36. The pharmaceutical composition for use according to the preceding claim, wherein the pancreatic cancer is an unresectable pancreatic cancer.

37. The pharmaceutical composition for use according to any one of the preceding claims, wherein the pancreatic cancer is primary pancreatic cancer, locally advanced pancreatic cancer, metastatic pancreatic cancer or borderline resectable pancreatic cancer.

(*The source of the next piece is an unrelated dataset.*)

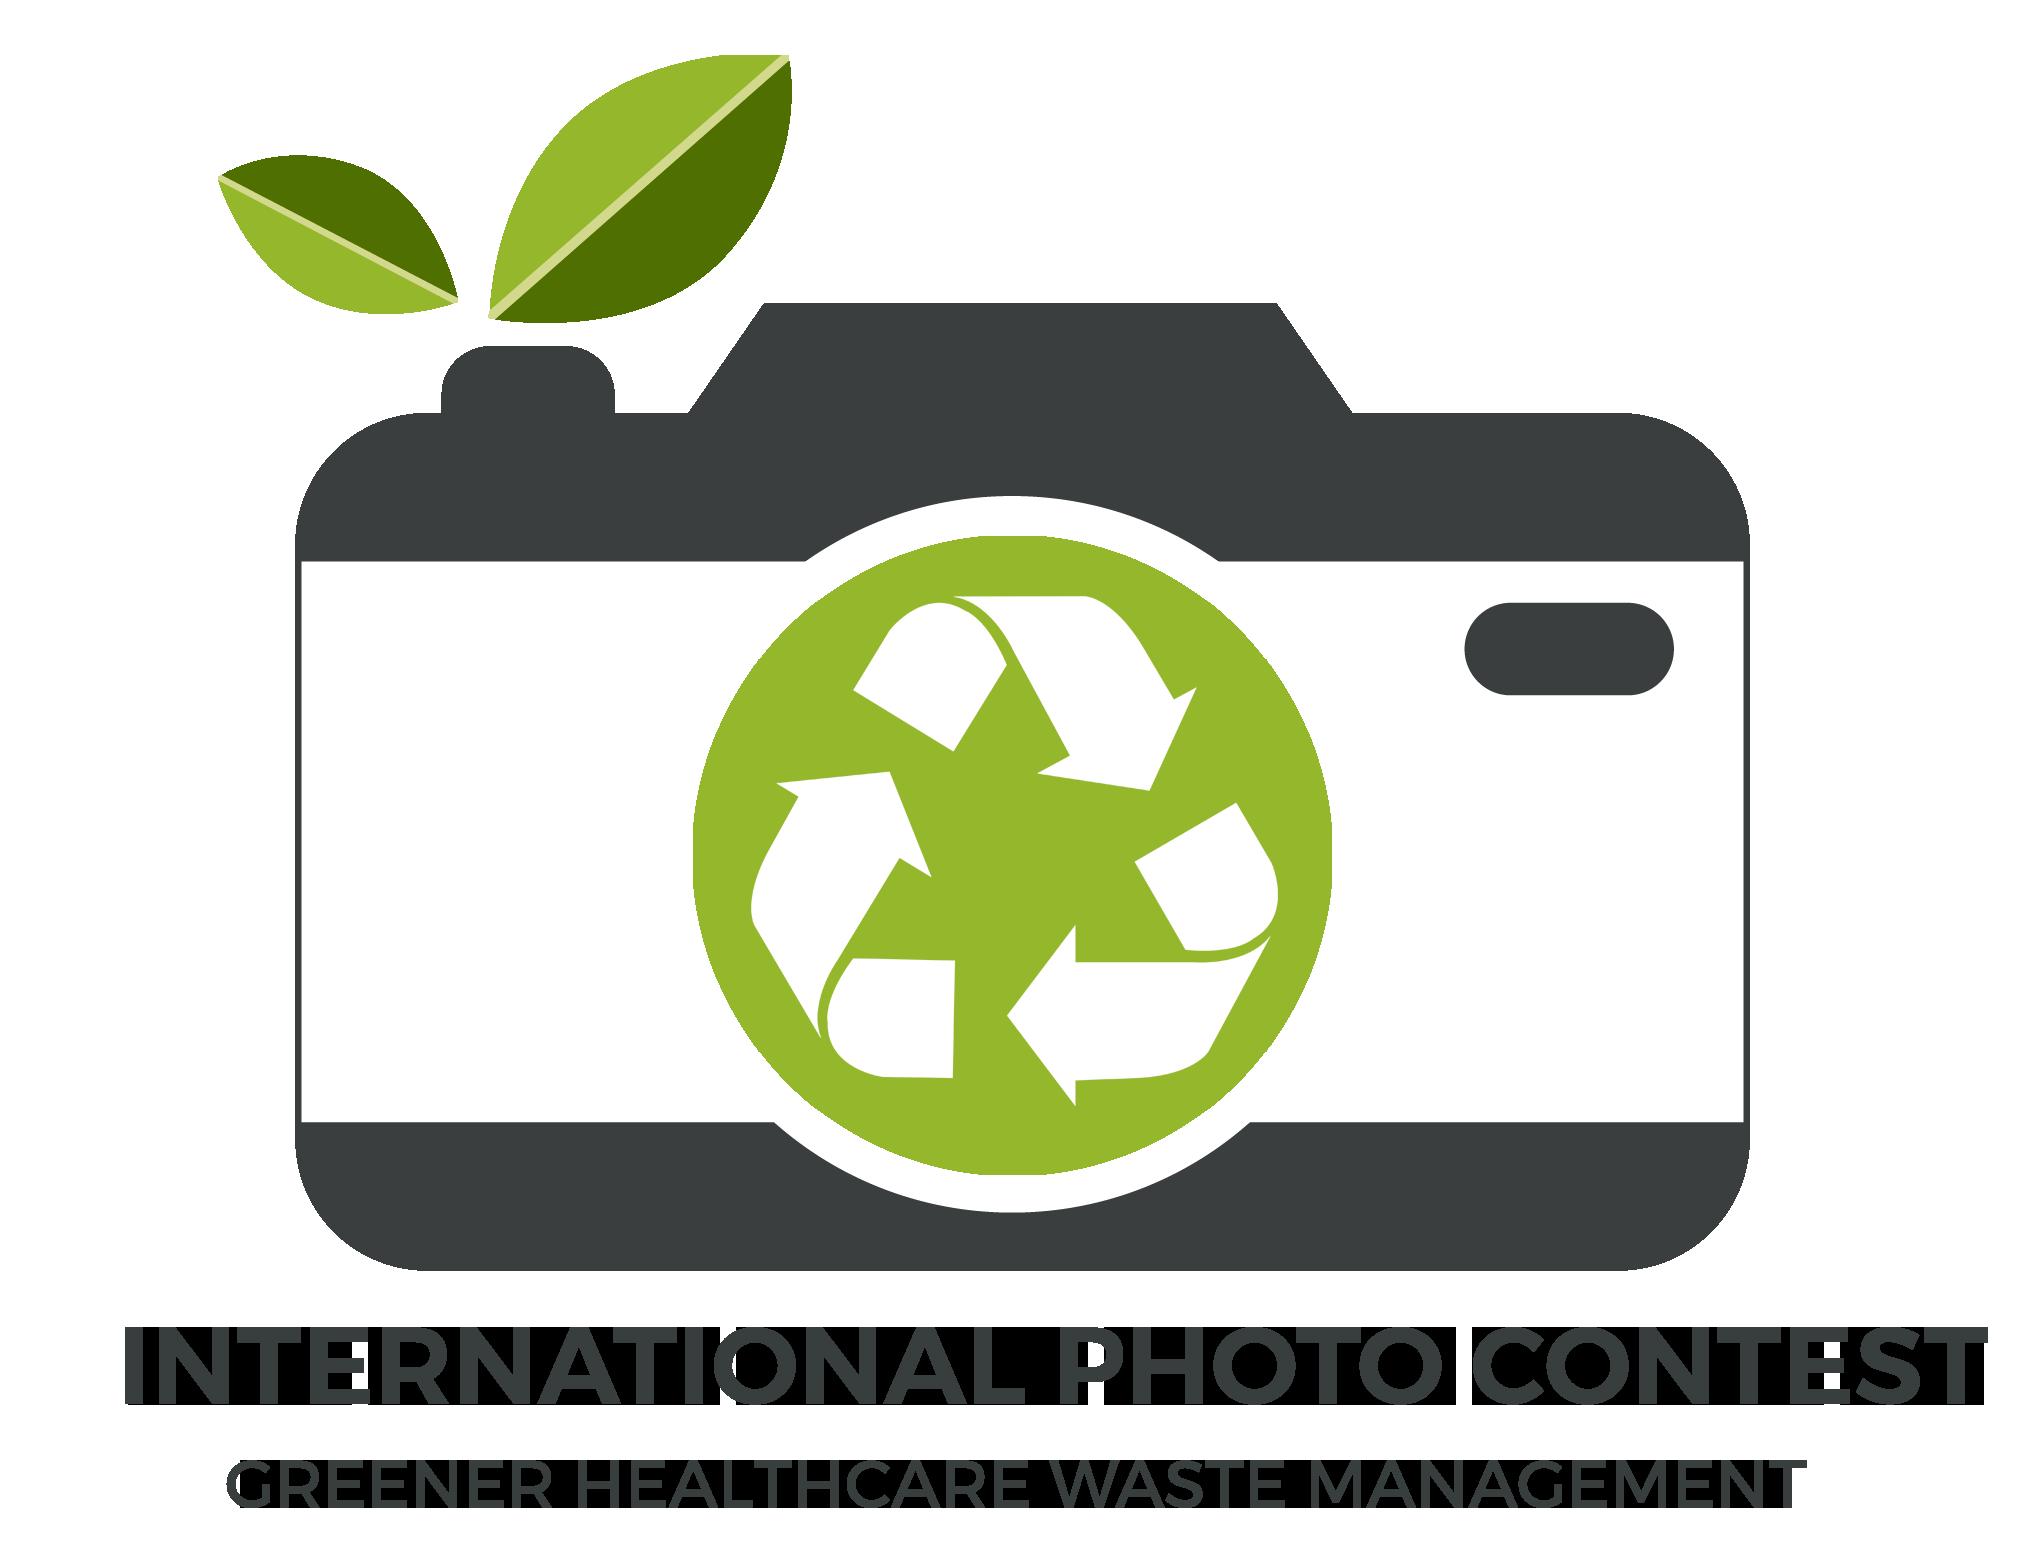 International Photo Contest on Greener Healthcare Waste Management - logo

38. The pharmaceutical composition for use according to any one of the preceding claims, wherein the pancreatic cancer is recurrent pancreatic cancer.

39. The pharmaceutical composition for use according to any one of the preceding claims, wherein the dose of the composition administered to a patient comprises 1 x 10⁶To 1X 10⁹Loaded dendritic cells, preferably 1X 10⁷To 1X 10⁸A plurality of loaded dendritic cells, most preferably about 2.5X 10⁷And (3) loading the dendritic cells.

40. The pharmaceutical composition for use according to any one of the preceding claims, wherein the dendritic cells are loaded with 1 tumor cell equivalent per 100 dendritic cells to 10 tumor cell equivalents per 1 dendritic cell.

41. The pharmaceutical composition for use according to any one of the preceding claims, wherein the composition comprises an adjuvant.